After years of record foreign office acquisitions in DC, overseas capital ebbs for the first time since the recession
Net foreign investment sharply declined in 2018 and fell into the negative in Q1 2019
Though overseas capital flooded the Washington, DC office market at record levels from 2015-2017, net foreign investment (purchases by foreign investors minus dispositions by foreign investors) sharply declined in 2018 and fell into the negative in Q1 2019. As the nation’s capital, this government-anchored, cyclically durable and globally recognized office market will always hold appeal for foreign buyers, but a number of factors have created headwinds recently for cross-border investment:
- Lack of Trophy offerings: Foreign investors in Washington, DC heavily favor the downtown Trophy office segment, and over the past few years, there has rarely been more than one Trophy asset for sale at a time. It has been seven months since the last Trophy sale, and there is currently just one Trophy building being marketed. For comparison, over the preceding five years, a Trophy office building traded hands every four months on average.
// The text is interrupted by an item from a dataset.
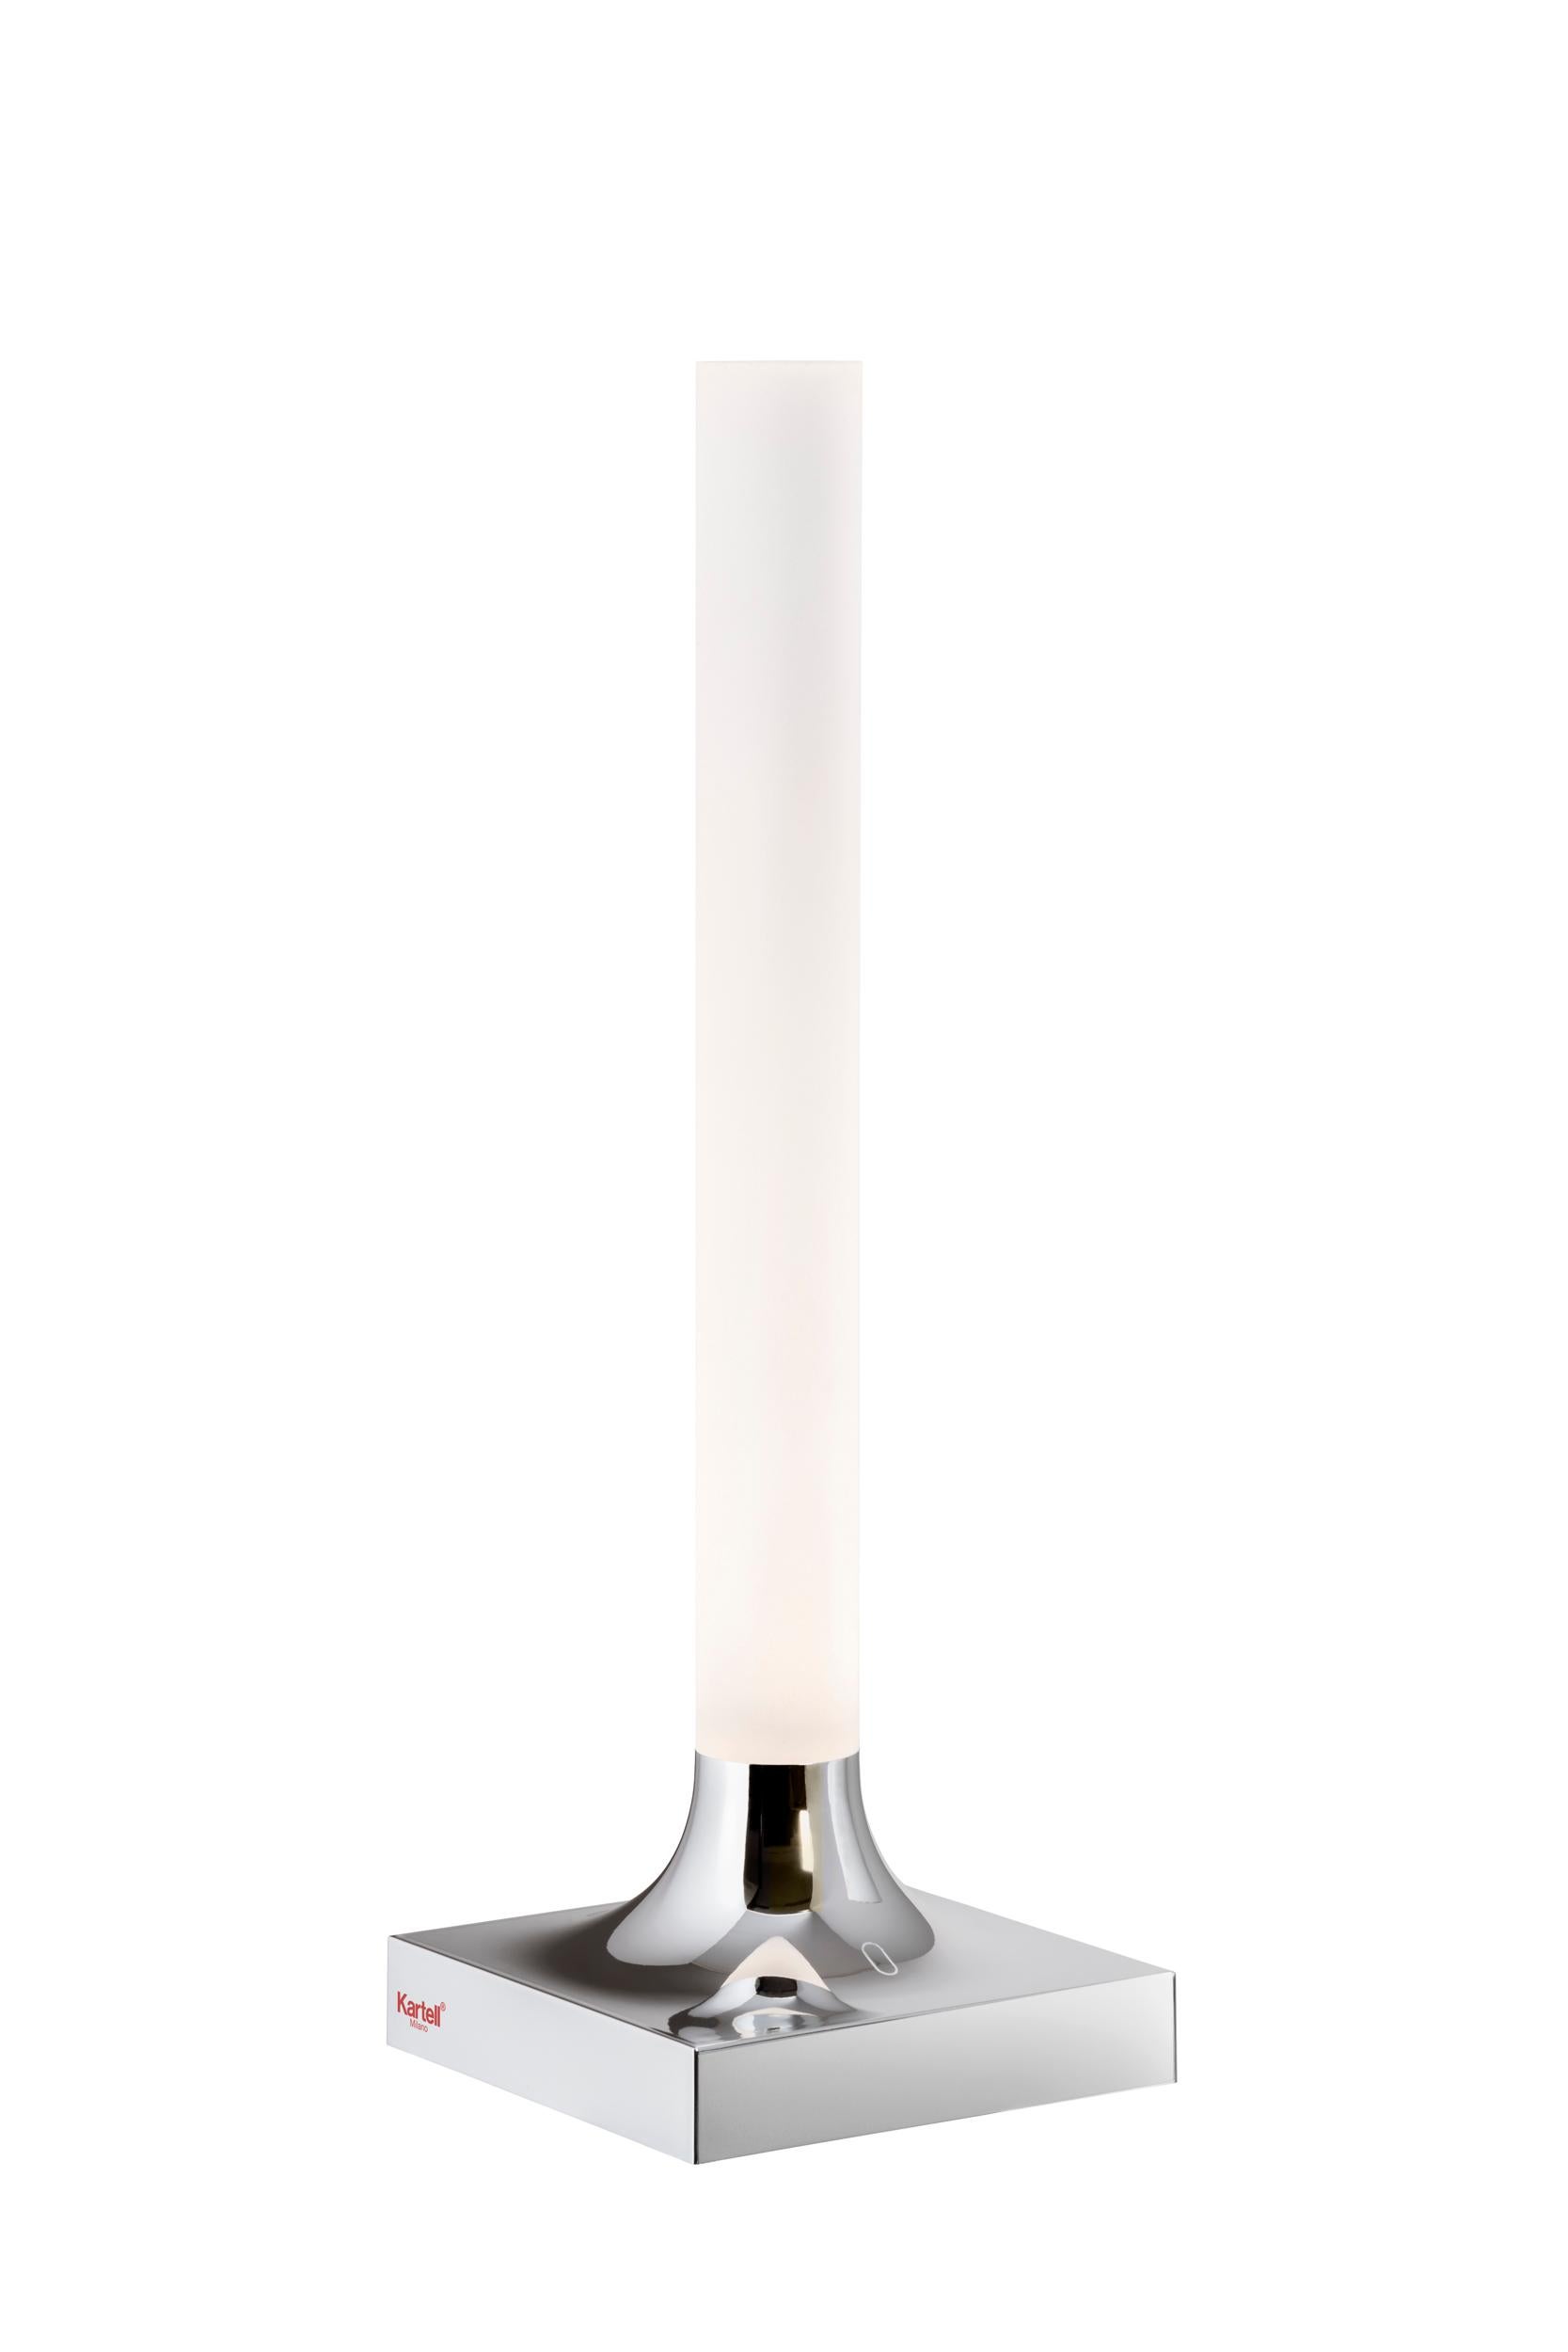 Plastique Lampe de table Kartell Goodnight de Philippe Starck en vente

- Pricing/rent disconnect & cap rate compression: The competition for DC’s limited Trophy offerings has led to a series of record-priced sales over the past few years despite a complete lack of underlying rent growth. In fact, Trophy rents declined by 2.4% between 2017 and Q1 2019. Absent any growth in rental income, Trophy cap rates compressed to an average of 4.0%-4.25%, pushing many investors to seek higher yield in other real estate markets or other asset classes altogether. A thinning buyer pool in the face of elevated pricing expectations caused nine buildings to be pulled from the market in 2018 after failing to achieve their pricing guidance, including two that were targeting more than $1,000 p.s.f.
- Rising hedging costs: Fluctuations in the U.S. dollar have driven up the hedging costs associated with owning dollar-denominated assets including U.S. real estate. Currently exceeding 2% of total investment for European buyers, these costs erode potential returns and dramatically narrow the field of office investment opportunities that make financial sense.
- Tightened CFIUS restrictions: As a result of the Foreign Investment Risk Review Modernization Act of 2018 (FIRRMA), a broadened range of foreign investments are subject to review by the Committee on Foreign Investment in the U.S. (CFIUS). This process has the potential to impede or prevent foreign purchases of buildings that are leased to the federal government or are even proximate to such buildings. Needless to say, a sizeable portion of the Washington, DC office inventory falls into these categories.
- Although these factors have dampened demand and volume in Q1, expect foreign capital to return to Washington, DC over the remainder of the year. There are currently four stabilized, core-profile Trophy/Class A offerings on the market alongside an additional six coming to the market, according to JLL Research, and these opportunities are certain to attract overseas investors.